Um dos temas abordados nos documentos, apresentado na informação como "A maior Yerushalayim", em referência ao nome hebraico de Jerusalém, se refere a enclaves dessa cidade negociados por israelenses e palestinos.

 

Em reuniões de junho de 2008, os negociadores palestinos chegaram a oferecer que Israel ficasse com os setores de Jerusalém Oriental que ocupou desde a guerra de 1967 em troca de o governo hebraico conceder outras partes do território israelense.

 

A negociação incluiu a possibilidade de um dos setores mais conflituosos, onde se encontra a Mesquita de al-Aqsa, construída sobre um templo judeu, ficar sob supervisão internacional até que se chegasse a uma solução permanente.

 

"Esta é a primeira vez na história que fazemos tal proposta", afirmou em uma das reuniões Ahmed Qorei, um dos negociadores palestinos.

 

"Os estamos oferecendo a maior Yerushalayim na história judia", disse, por sua vez, o chefe da equipe negociadora palestina, Saeb Erekat, de acordo com os documentos filtrados pela "Al Jazeera".

 

Nessa reunião específica, realizada em 15 de junho de 2008, participaram também a então secretária de Estado americana, Condoleezza Rice, e a ministra de Relações Exteriores de Israel na época, Tzipi Livni.

 

Em outra reunião realizada no dia 21 de outubro de 2009 entre Erekat e representantes americanos, entre eles o enviado especial da Casa Branca, George Mitchell, o negociador palestino pediu a Washington "soluções criativas" para poder dividir Jerusalém.

 

"A soberania da velha cidade para a Palestina, exceto o bairro judaico e parte do bairro armênio, El Haram (onde se encontra a mesquita al-Aqsa), pode ser deixada para discussões posteriores, com meios criativos.
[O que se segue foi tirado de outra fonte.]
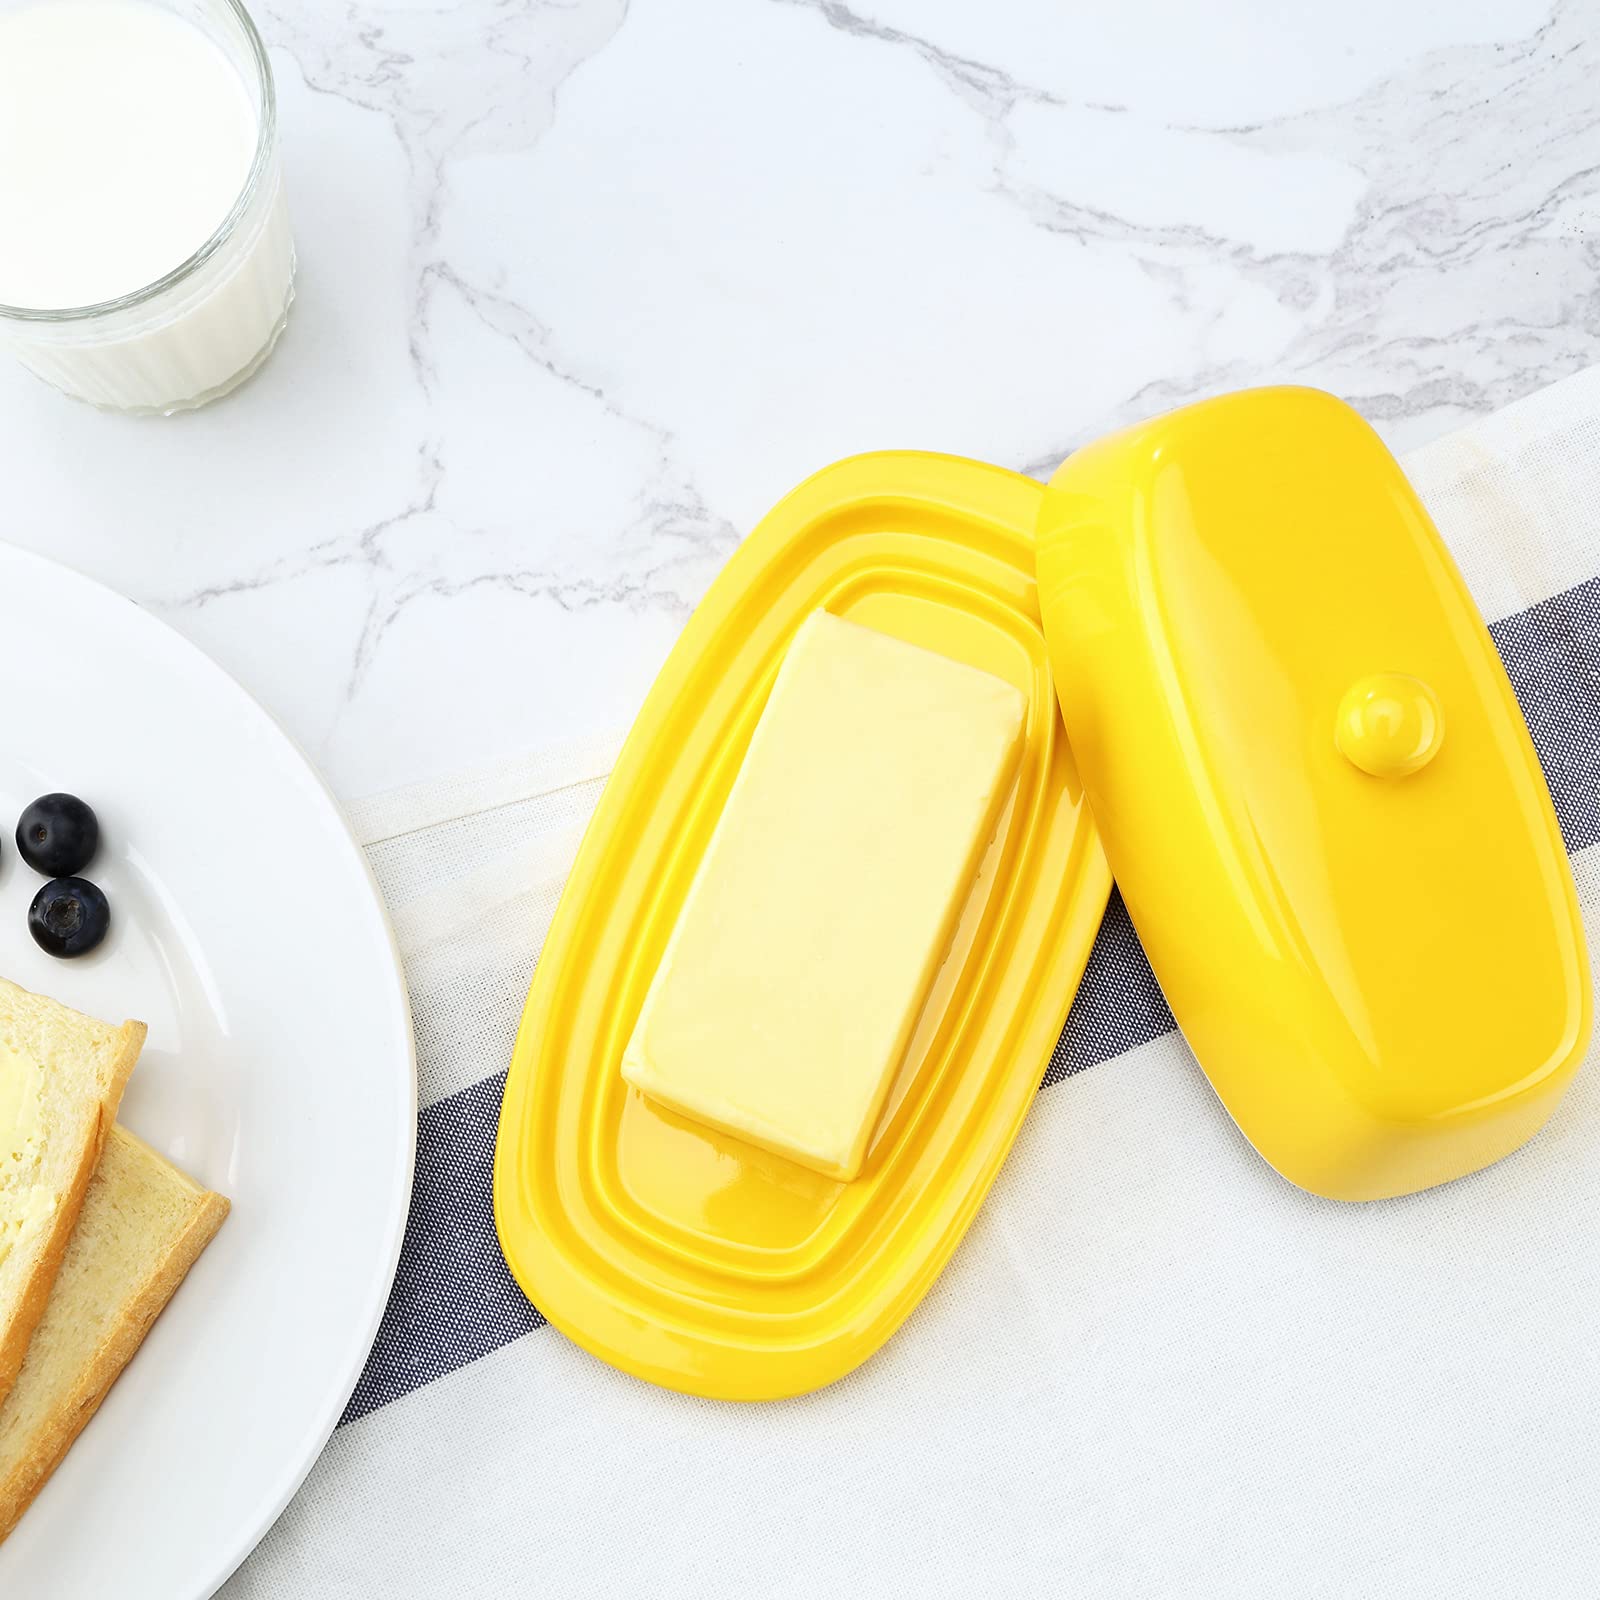 Yedio Porcelain Butter Dish with Lid White and Yellow
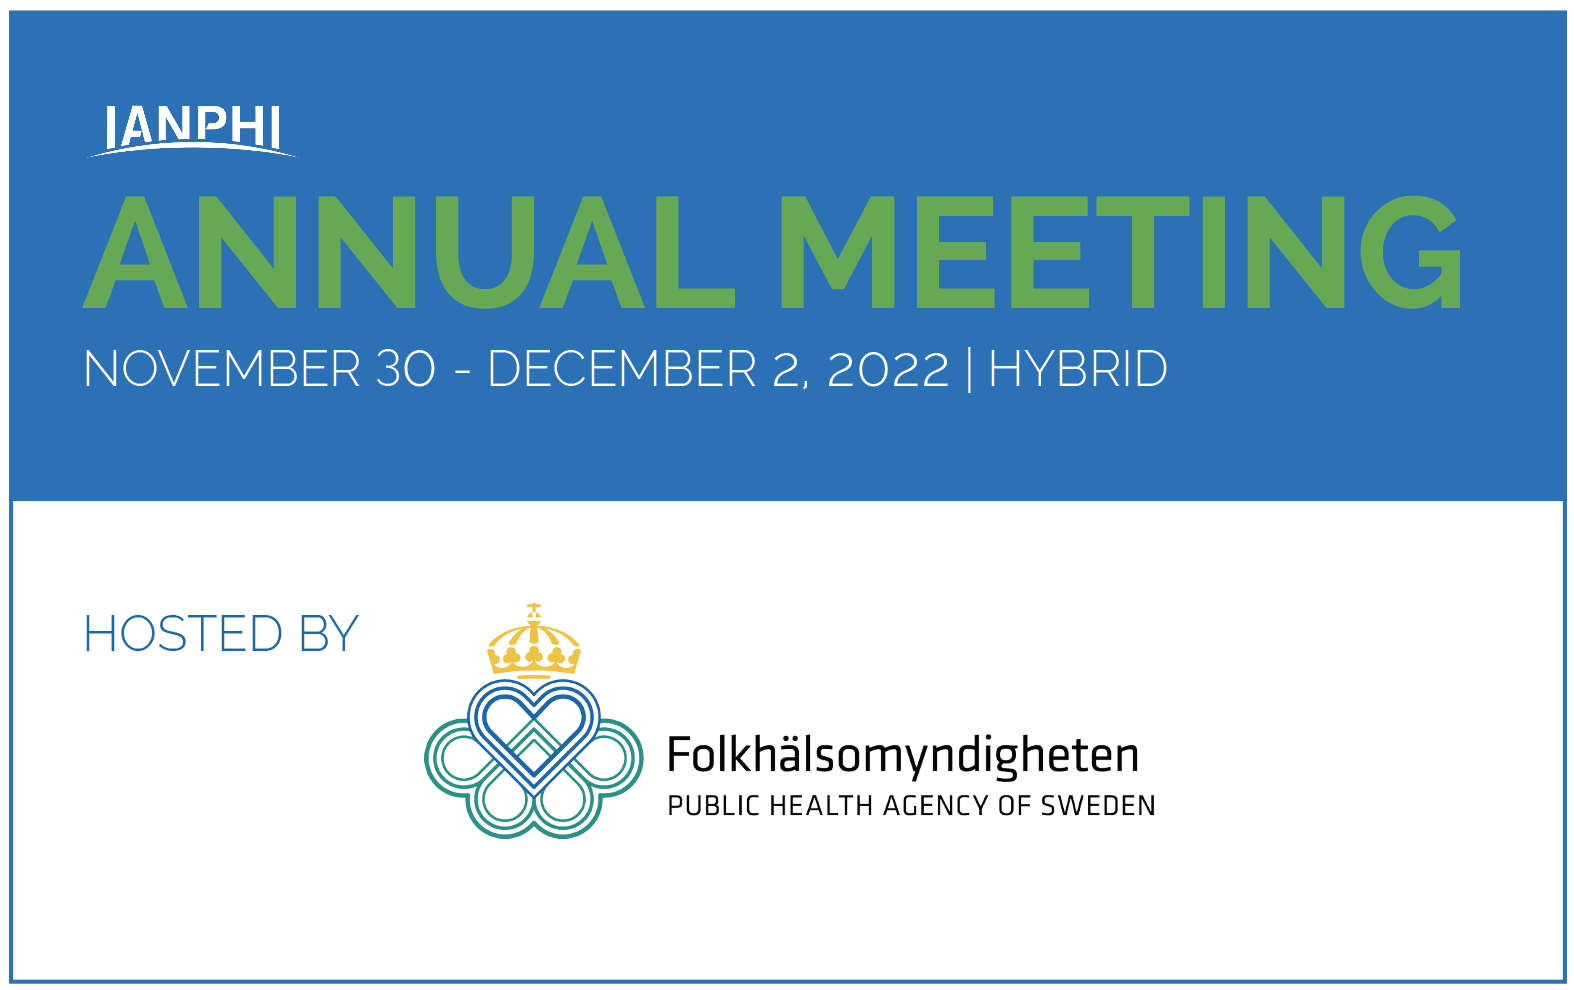 2022 IANPHI Annual Meeting hosted by the Public Health Agency of Sweden

O que não posso fazer é me converter ao sionismo", acrescentou o dirigente palestino Erekat.

 

Aparentemente, segundo a rede catariana, os palestinos também aceitaram uma proposta israelense para receber anualmente em seu território 10 mil refugiados palestinos - mais de 5 milhões e que estão concentrados em sua maioria em países vizinhos.

 

Em declarações posteriores à "Al Jazeera", Erekat questionou os chamados "Documentos Palestinos", e disse que se baseiam em "mentiras e meias verdades".

 

As negociações de paz de então foram interrompidas quando em dezembro de 2008 Israel lançou a "Operação Chumbo Fundido" contra a faixa palestina de Gaza, controlada pelo movimento Hamas, que deixou mais de 1,4 mil palestinos mortos, em sua maioria civis.